The Church Council has decided we need to promote house groups, so come and talk to Chris Lowe or me about that. We can also help you find other modes of Christian learning.

But whatever we do this Easter, let us commit ourselves to learning more about the Jesus who has stretched our horizons, and who continues to do so.

The Seven Last Words From The Cross

Here is an extended meditation/talk I gave a couple of days ago for Holy Week.

I want to take as a theme this year the sayings of Jesus on the Cross. I shall offer some brief thoughts on each of them, because between them they give us a picture of the Gospel message.

Father forgive them, for they do not know what they do
Who killed Jesus? I worked with a Jewish woman who told me how she grew up facing taunts of ‘Christ killer’. I said that was unfair, as the Romans as well as the Jewish authorities were implicated in the death of Jesus.

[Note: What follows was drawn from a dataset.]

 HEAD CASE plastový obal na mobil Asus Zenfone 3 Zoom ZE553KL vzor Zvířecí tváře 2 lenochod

Here, as Jesus pronounces these amazing words, he has Roman soldiers at his feet.

In showing that both Jews and Gentiles were co-conspirators in the execution of Jesus, the Gospel writers tell us that the whole world is guilty of causing this, the greatest injustice of history.

However, in Jesus offering forgiveness to his tormentors, it equally means that his Good News is open and available to all. All have sinned – no exception – but also, the Gospel is for all – no exception.

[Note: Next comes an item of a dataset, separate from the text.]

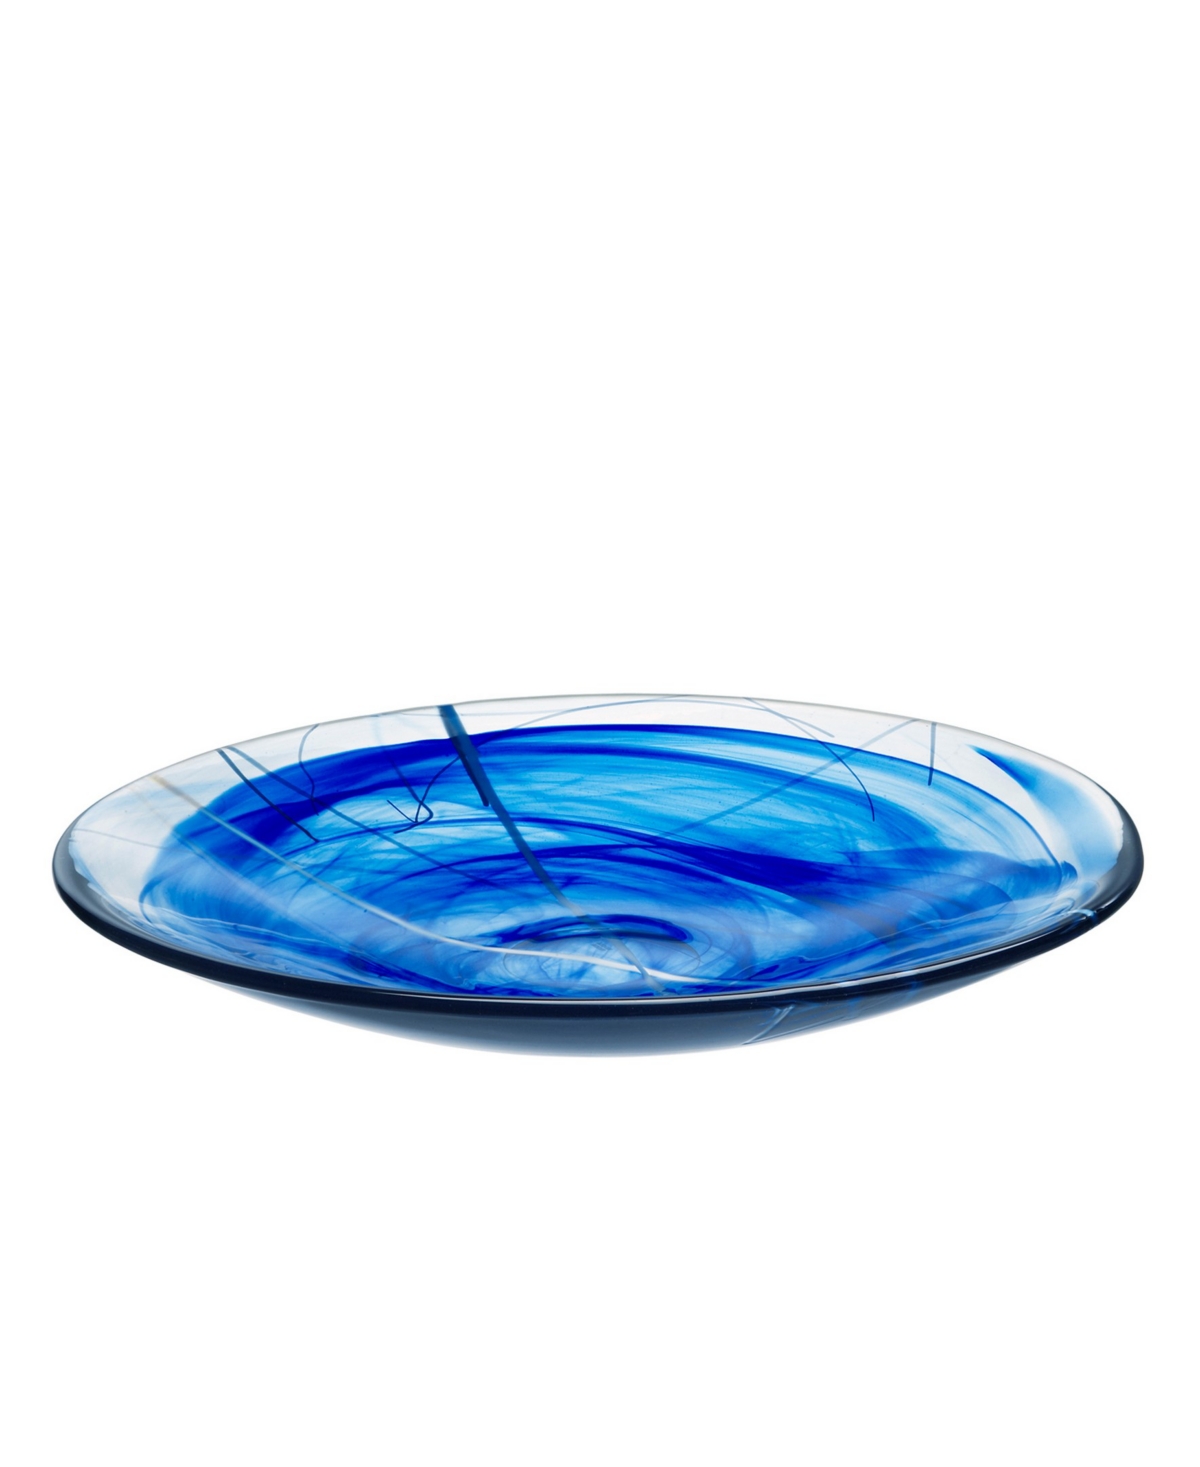 Kosta Boda Contrast Platter In Blue

There is no-one here who is beyond the forgiving love of God. It doesn’t matter what you are ashamed of, it doesn’t matter what you can’t forgive yourself for, Jesus offers you forgiveness from the Cross.

For there is no-one in the world who is potentially beyond the reach of God’s love in Christ. People we like, and people we despise. People we think are deserving, and people we consider unworthy – because all of us are unworthy, not only those who have done what is socially unacceptable, as opposed to those of us who – in our eyes – are basically good, but have only committed minor foibles. All of us are sinners in the sight of God, all of us are in need of forgiveness, and that forgiveness is open to all of us. He died for our friends and our enemies. Housewife and paedophile, businessman and war criminal, Jesus offers forgiveness.

Is that scandalous? Yes, to some. But this is love. This is mercy. This is grace. And without it we’re all dead.

With this, we remember our humble status, yet our loved status. As the forgiveness of God on Christ lifts us from our knees to our feet, so we also recognise his love for others and treat friend and foe alike with dignity.

Today you will be with me in paradise
In this second saying, we see the grace and mercy of God in Christ exemplified. You remember the story. Jesus is crucified in the middle of two criminals. As in life, so in death, he is in the midst of the world of human sin. And just as in the world, the responses to Jesus are mixed. One is mocking, the other is longing.

Mockery gets you nowhere – a sobering thought for our culture today. But to the plaintive, desperate cry, “Jesus, remember me when you come into your kingdom,” the heart of Jesus responds in love: “Today, you will be with me in Paradise.” The thief knows no Scripture, he hasn’t taken confirmation classes, and he has no chance to avail himself of the sacraments, but the cry for mercy is enough.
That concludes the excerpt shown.